Goal of the exercise:
Produce an exact transcription of the listing below, omitting the pictures.

Input data:

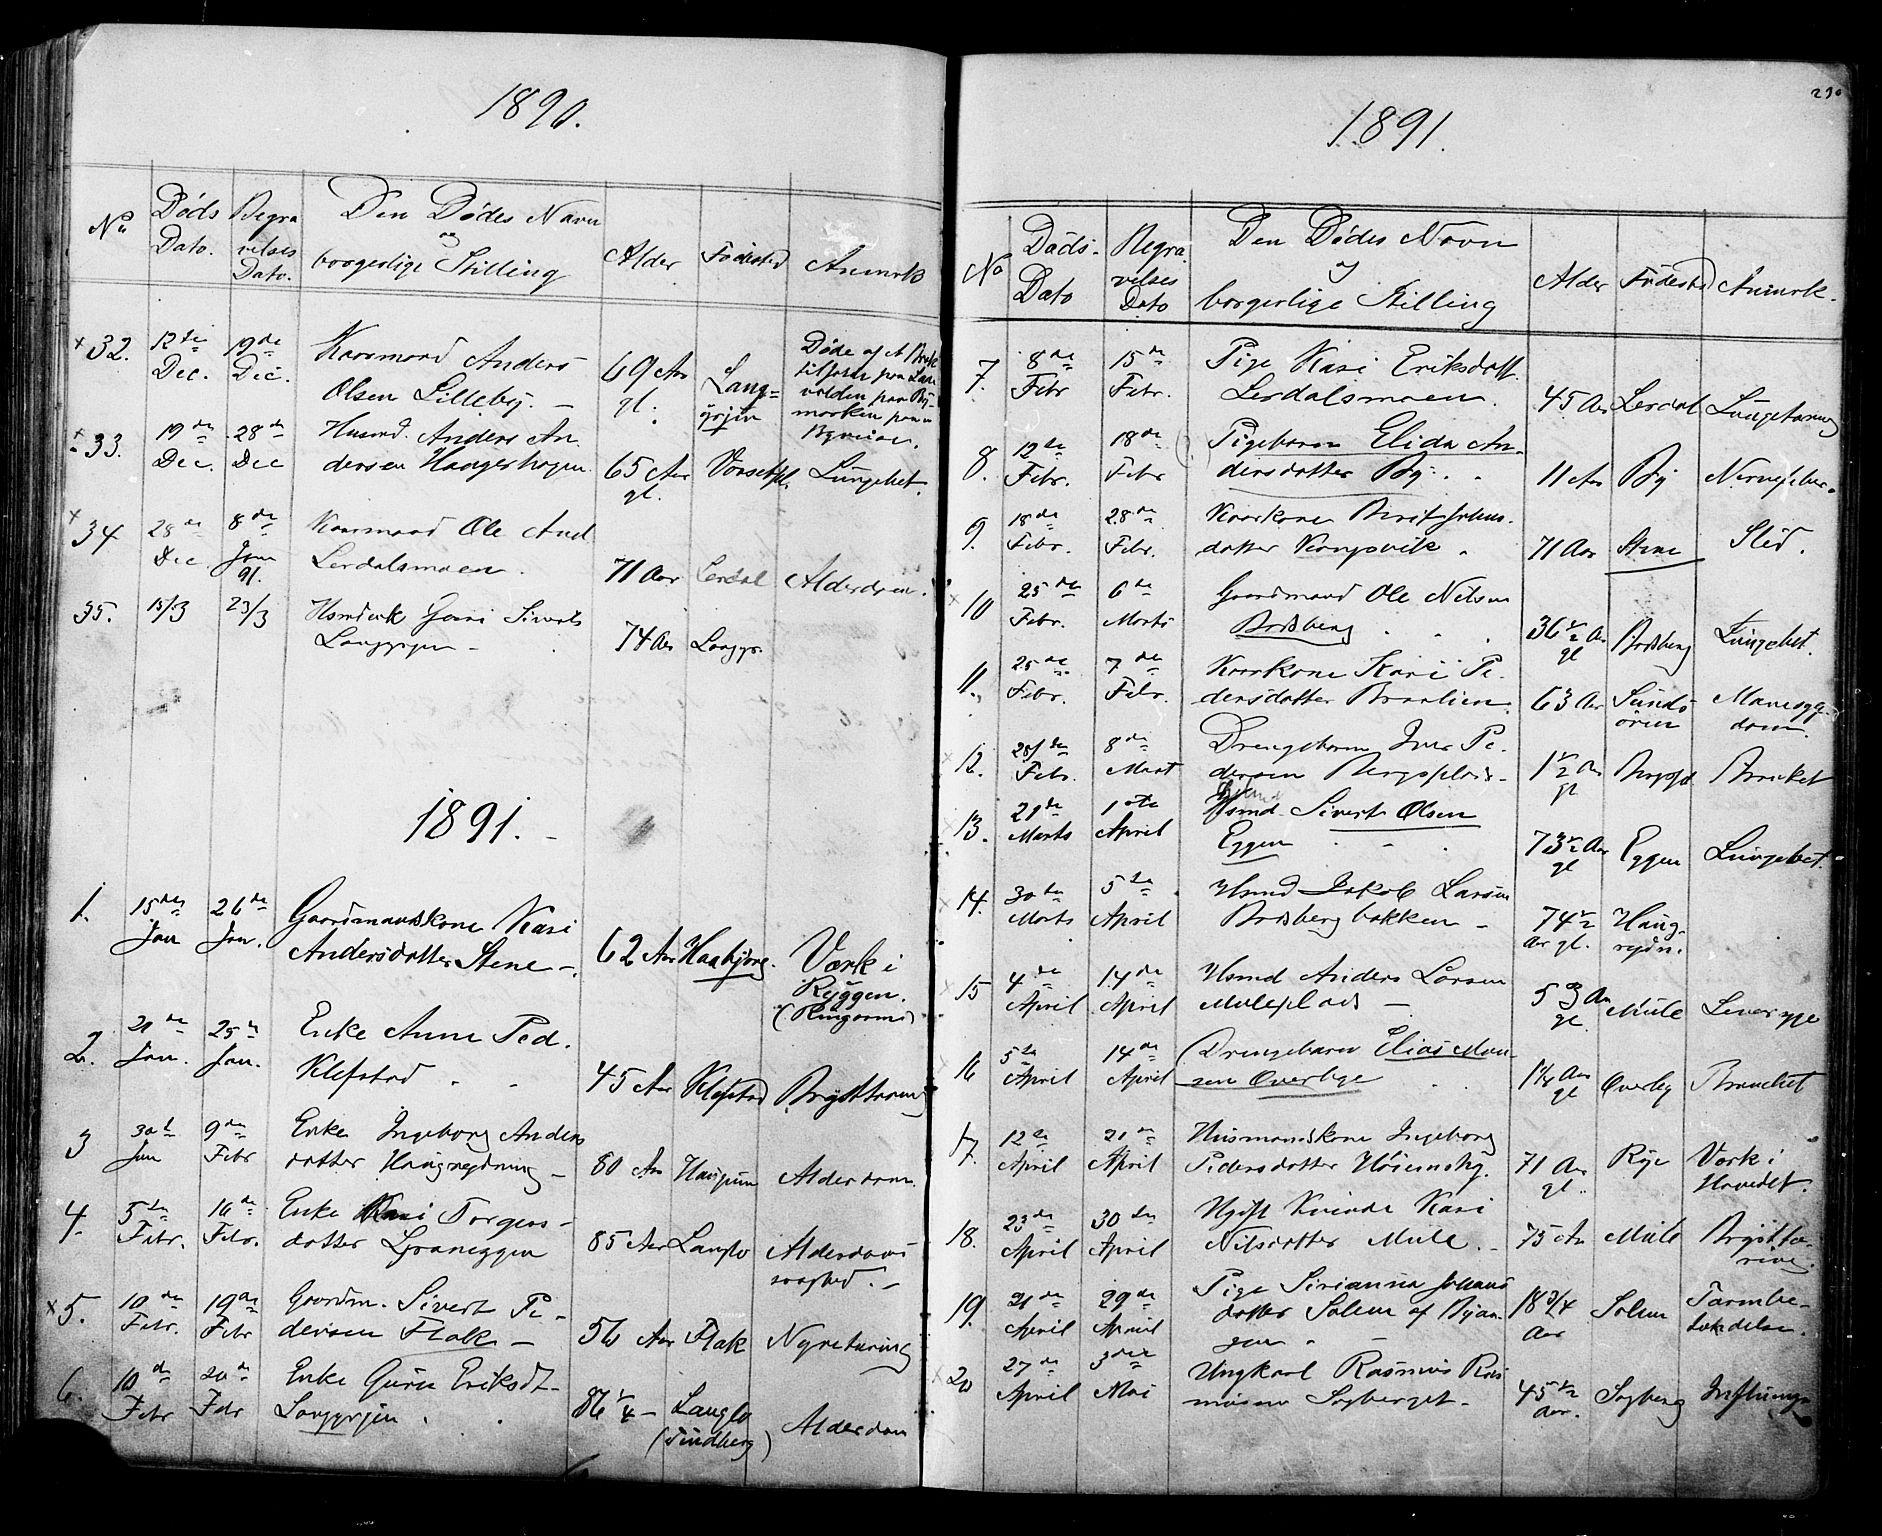 SAT, Ministerialprotokoller, klokkerbøker og fødselsregistre - Sør-Trøndelag, 612/L0387: Klokkerbok nr. 612C03, 1874-1908, s. 230
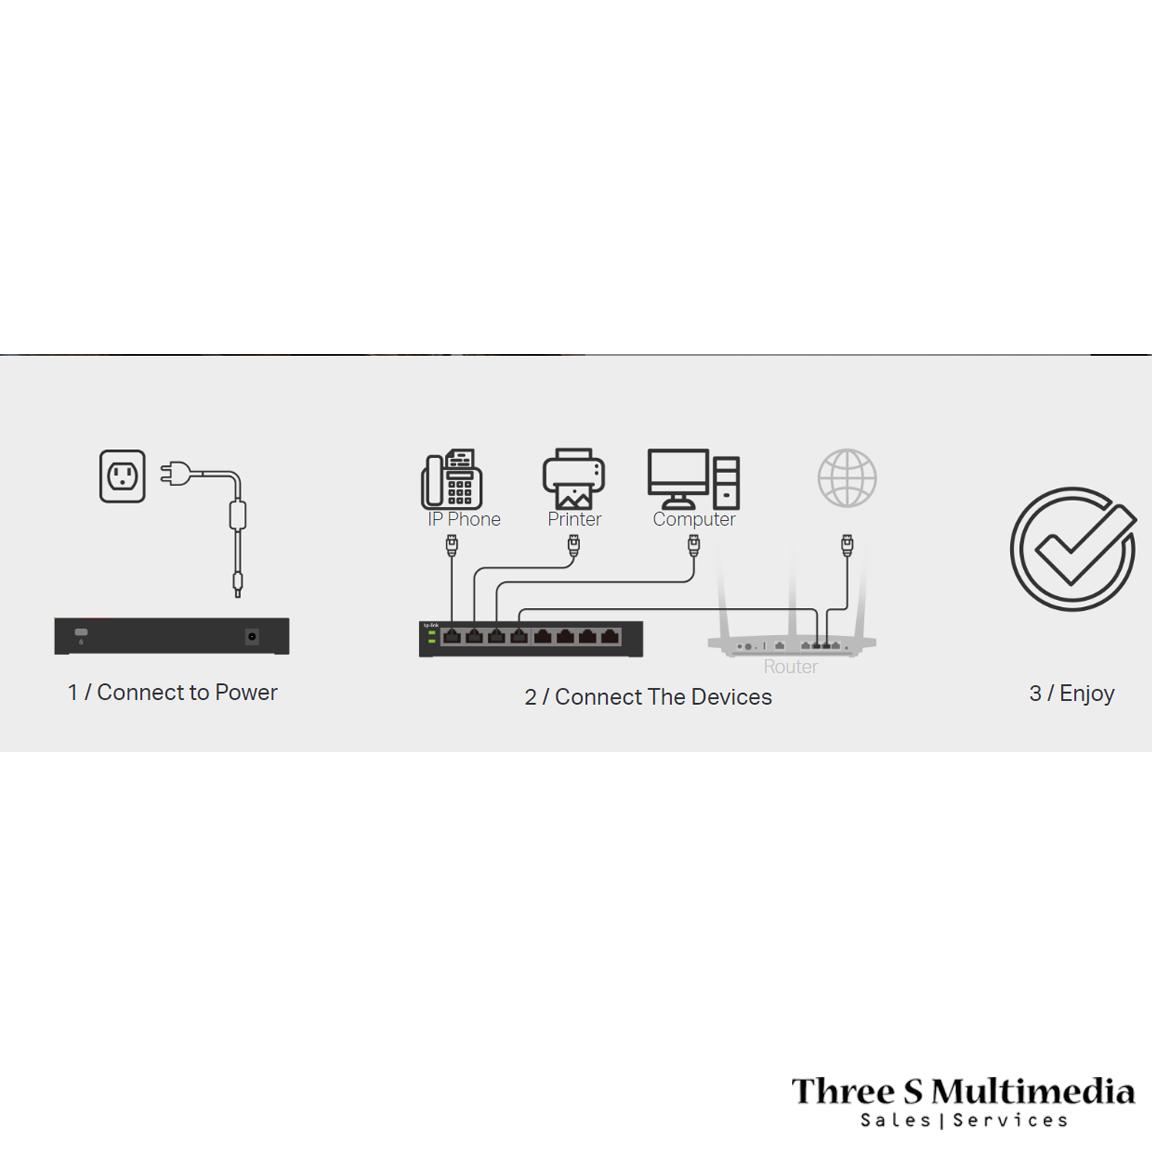 TP-LINK 8-Port Gigabit Unmanaged Pro Switch TL-SG108E
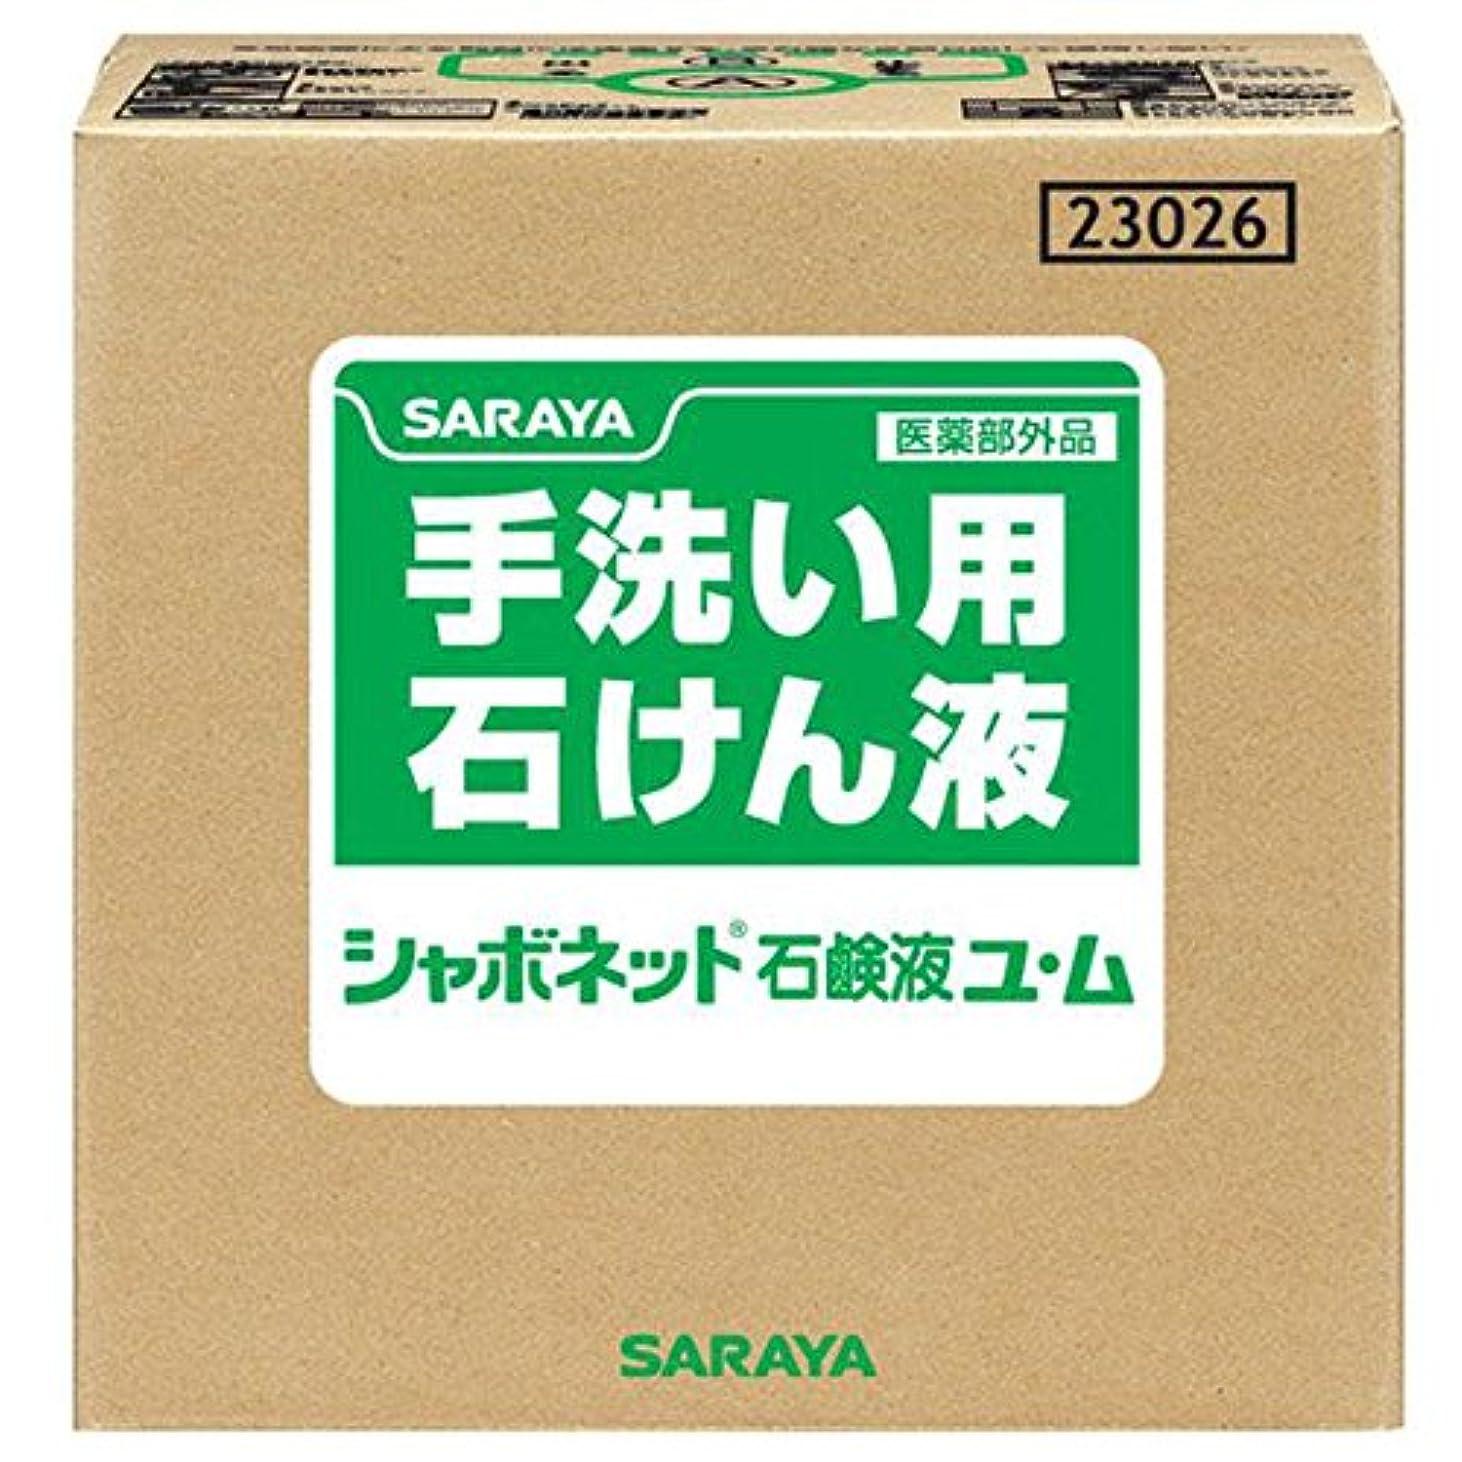 うぬぼれリスナー委任するサラヤ シャボネット 石鹸液ユ?ム 20kg×1箱 BIB
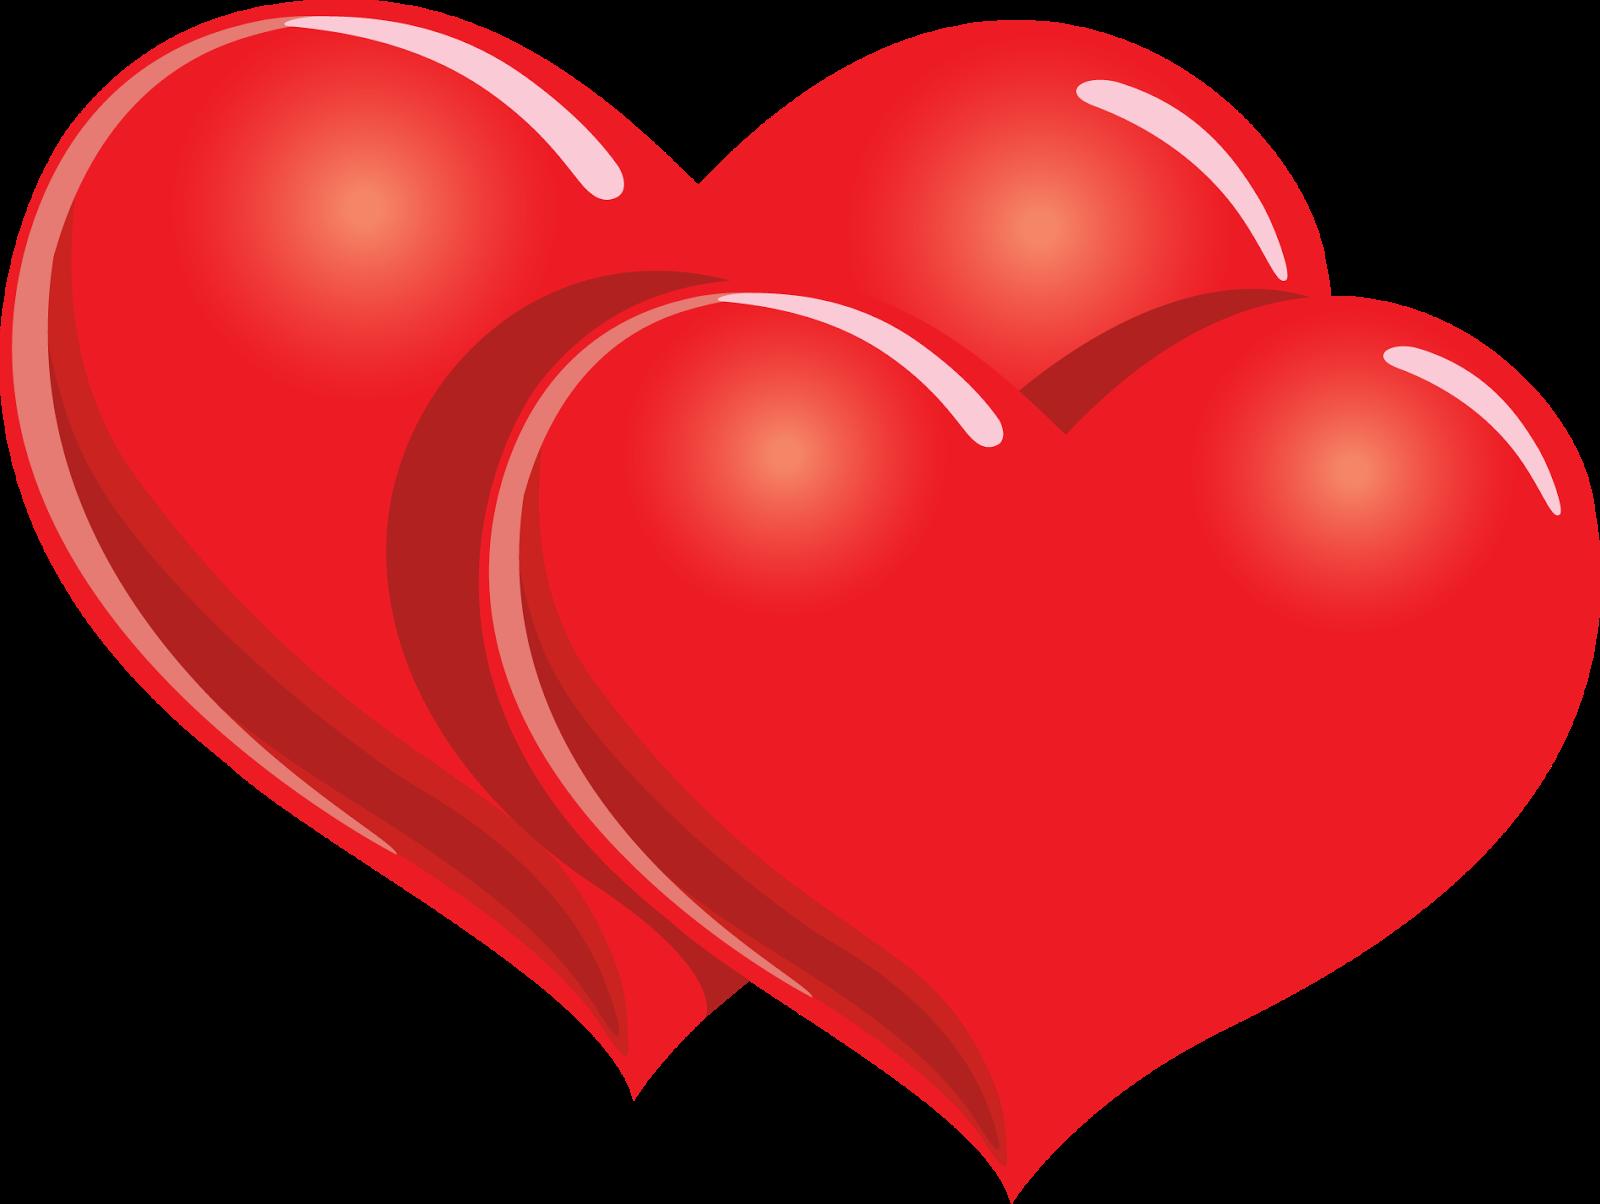 Hearts PNG HD  - 126531

Your solution:
 SAT, Ministerialprotokoller, klokkerbøker og fødselsregistre - Sør-Trøndelag, 612/L0387: Klokkerbok nr. 612C03, 1874-1908, s. 230
 TP-LINK 8-Port Gigabit Unmanaged Pro Switch TL-SG108E
 うぬぼれリスナー委任するサラヤ シャボネット 石鹸液ユ?ム 20kg×1箱 BIB
 Hearts PNG HD  - 126531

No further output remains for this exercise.